Refer to “Description of the Business and Operations” and “Principal Properties” sections of the Annual Information Form for the year ended December 31, 2012 (the “AIF”) for details of development plans on a field by field basis.

Item 5.2 Significant Factors or Uncertainties Affecting Reserves Data

The reserve data included herein are expressions of judgment based on knowledge, experience and industry practice. In general, estimates of economically recoverable oil and natural gas reserves and the future net revenue there from are based upon a number of variable factors and assumptions, such as expected reservoir characteristics based on geological, geophysical and engineering assessments; ultimate reserve recovery; timing and amount of capital expenditures; future production rates based on historical performance and expected future operating and investment activities; future oil and natural gas prices and quality differentials; marketability of oil and gas; royalty rates; assumed effects of regulation by governmental agencies; and future development and operating costs, all of which may vary materially from actual results. It should not be assumed that estimated future net revenue is representative of the fair market value of Ithaca's properties. In addition, estimated reserves may change from time to time based on new or reprocessed information or new interpretations of existing or new information.
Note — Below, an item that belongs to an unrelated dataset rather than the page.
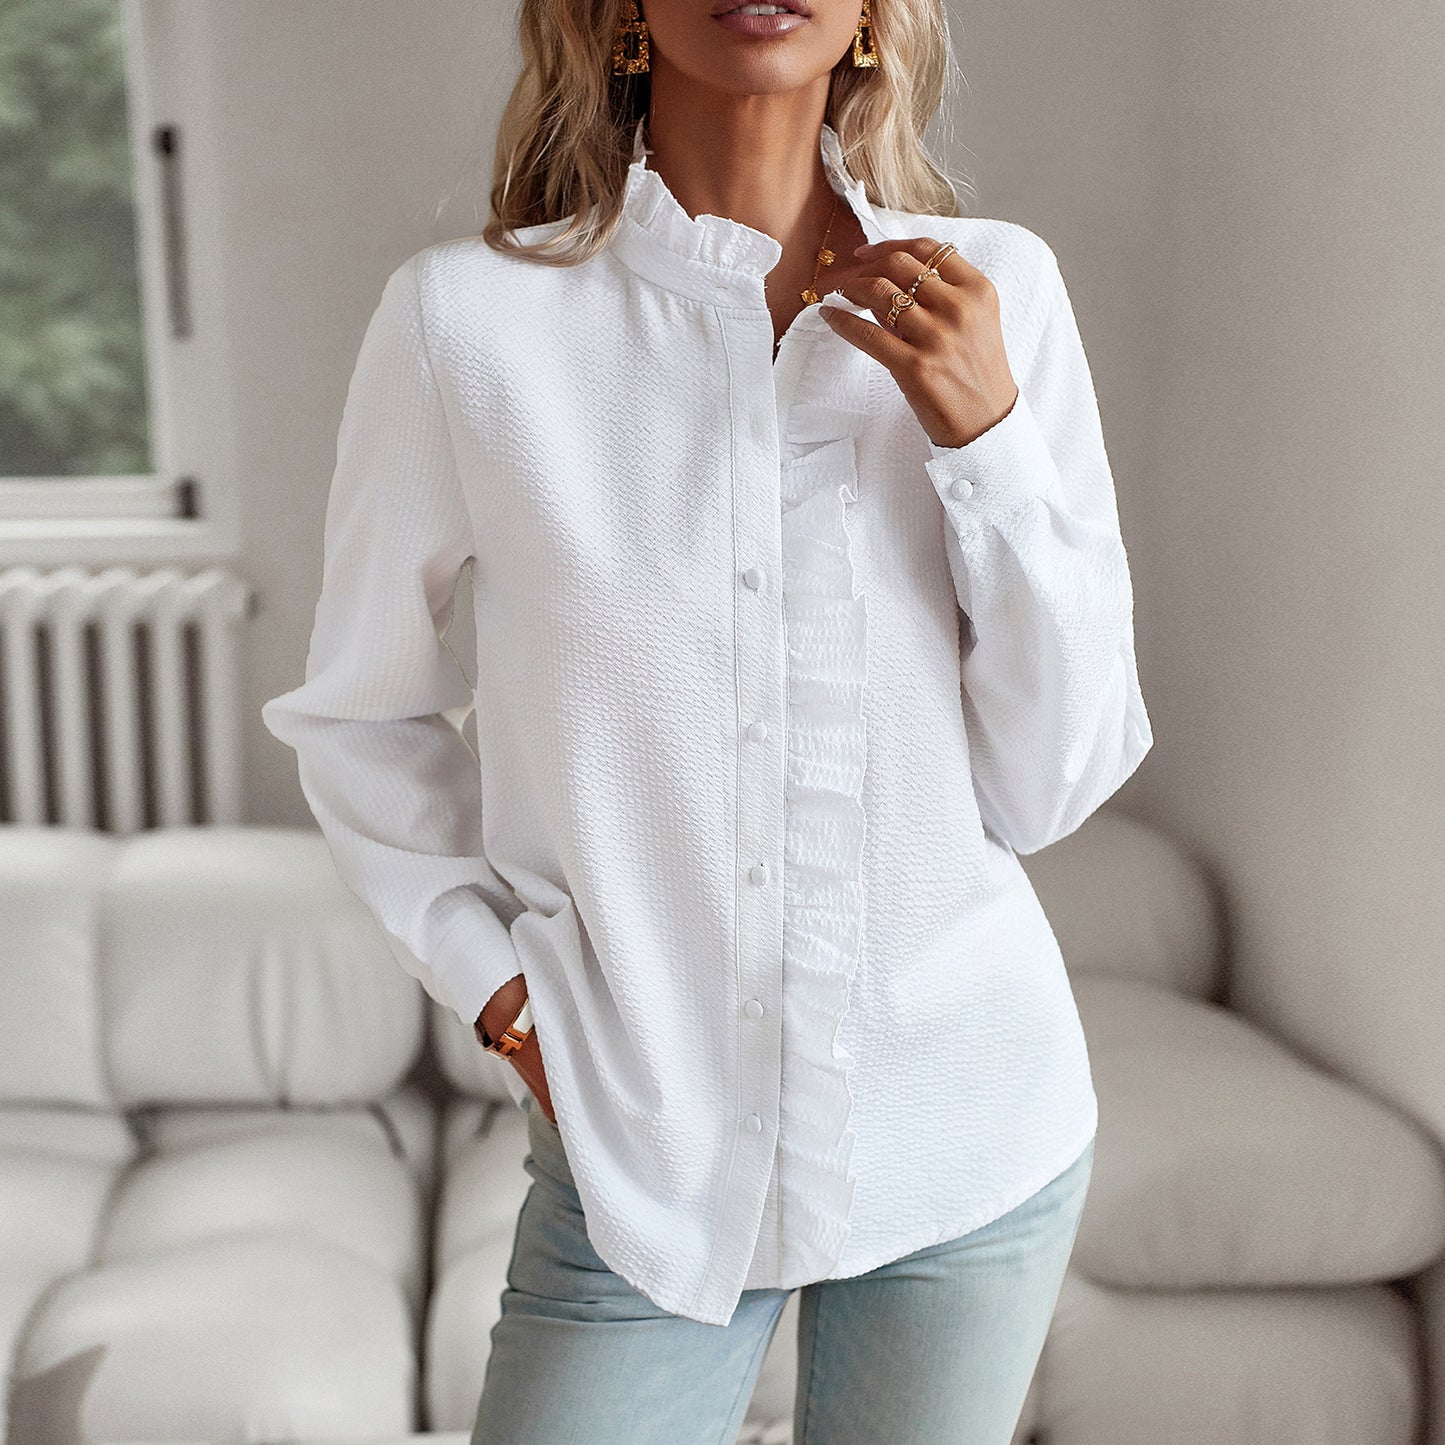 Long Sleeved Shirt Women Autumn Winter Office Top Button
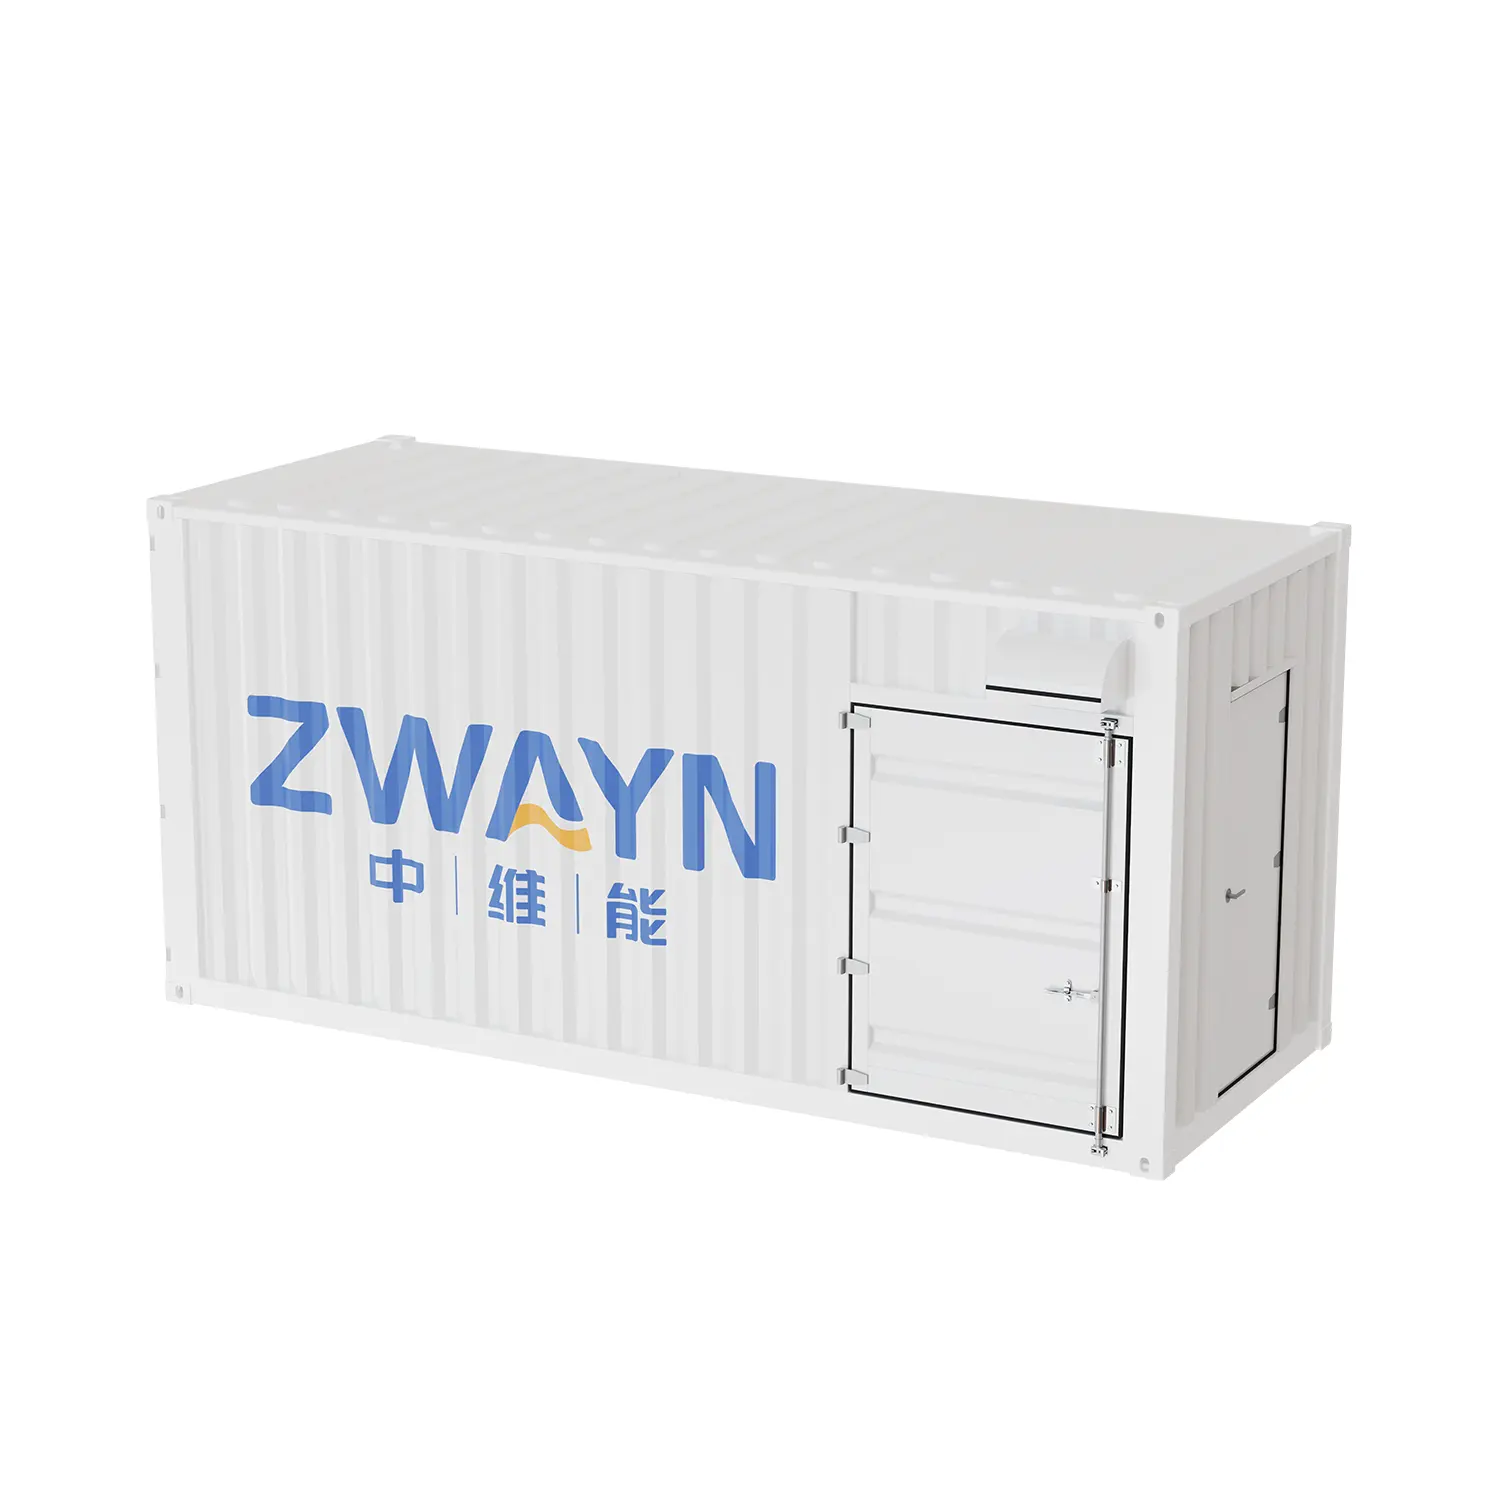 Zwayn 1.5Mwh Megawatt lityum iyon piller konteyner sanayi için güneş enerjisi depolama

Ithaca’s future crude oil and natural gas reserves and production, and therefore its operating cash flows and results of operations, are highly dependent upon Ithaca’s success, and the success of their joint venture partners, in exploiting the current reserve base and acquiring or discovering additional reserves. Without reserve additions through exploration, acquisition or development activities, Ithaca’s reserves and production will decline over time as reserves are produced. The business of exploring for, developing or acquiring reserves is capital intensive. To the extent cash flows from operations are insufficient and external sources of capital become limited or unavailable, the ability to make the necessary capital investments to maintain and expand Ithaca’s oil and natural gas reserves will be impaired.

Item 5.3 Future Development Costs

Total development costs for proved reserves is estimated to be $600 million with total estimated development costs for proved and probable reserves of $978 million. The following table provides information regarding the development costs deducted in the estimation of future net revenue attributable to the Corporations reserves for each of the first five years estimated.

Table 5.3

Future Development Costs(1)

Year Forecast Prices and Costs for

Proved Reserves (M$US)

Forecast Prices and Costs for Proved + Probable Reserves

(M$US)

2013 361,182 376,609

2014 100,453 195,746

2015 98,001 116,309

2016 2,380 117,236

2017 1,762 107,861

(1)

Future Development Costs shown are associated with booked reserves in the reserves report and do not necessarily represent the Corporation's full exploration and development budget.

The Corporation expects that such funds will be obtained from existing cash balances, utilization of the $430 million Facility and cash flow from production.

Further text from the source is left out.